Figure 1. Learning Process of the Deep Learning–Based Standardized Surgical Field Recognition Model and the Artificial Intelligence Confidence Score (AICS) Calculation Process.

Figure 1.

Model Optimization

Convolutional neural network (CNN)–based deep learning, which is a type of neural network that automates the extraction of visual features to optimize the performance of a given task, such as object identification based on an image, was used in the current study. The task of this deep learning model was to perform classification for surgical steps and hyperparameters, which were optimized to maximize the classification accuracy applied to the model. To evaluate the performance of the model, hold-out validation was adopted, and the overall accuracy was used as the metric. The CNN features were extracted using the Xception implemented in TensorFlow.35 The calculations were performed in Python, version 3.6 (Python Software Foundation).

Validation

From the data set of 650 cases, another 60 videos were extracted prior to model construction for validation.

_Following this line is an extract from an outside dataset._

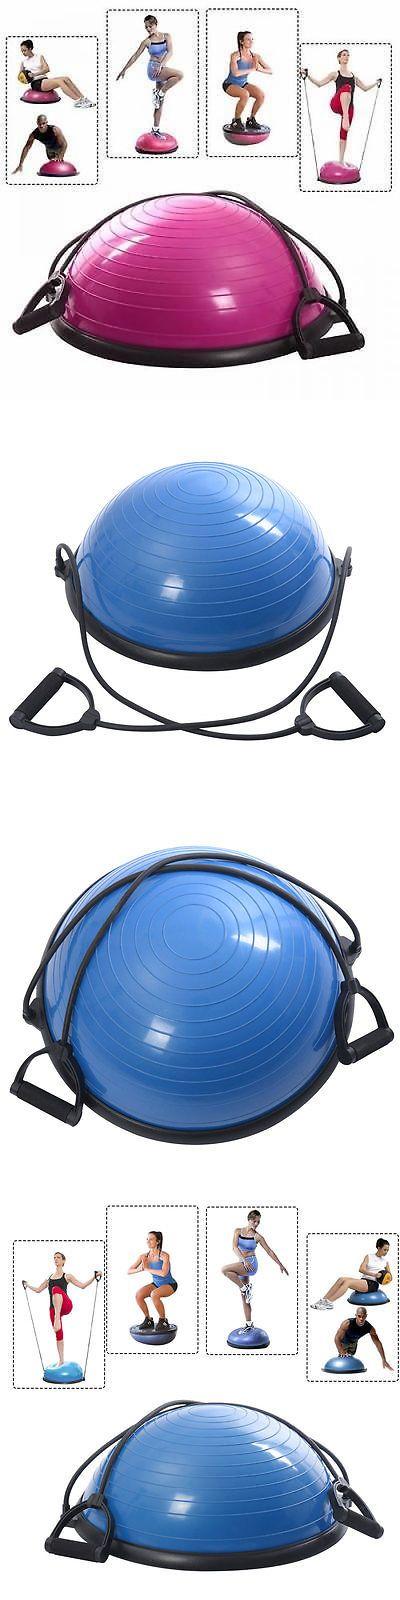 Balance Trainers 179803: Bosu Balance Ball Trainer Strength Training Equipment Yoga Endurance Workout -> BUY IT NOW ONLY: $64.99 on eBay!

To allow for variability in results, the data set was divided into 3 groups by ESSQS scores, and the cases were selected from each group in a balanced and random manner. Based on ESSQS scores (range, 0-100 points), the 650 intraoperative videos were divided into the following 3 score groups: scores less than 2 SDs from the mean (low-score group; 15 cases), scores within the range spanning the mean plus or minus the 2 SDs (middle-score group; 30 cases), and scores greater than 2 SDs from the mean (high-score group; 15 cases). Each validation video was divided into frame units as static images of 1 frame per second, and those images were applied to the model. The AICS was calculated for each static image, and the mean AICS was calculated by dividing the total AICS of all static images by the number of all static images.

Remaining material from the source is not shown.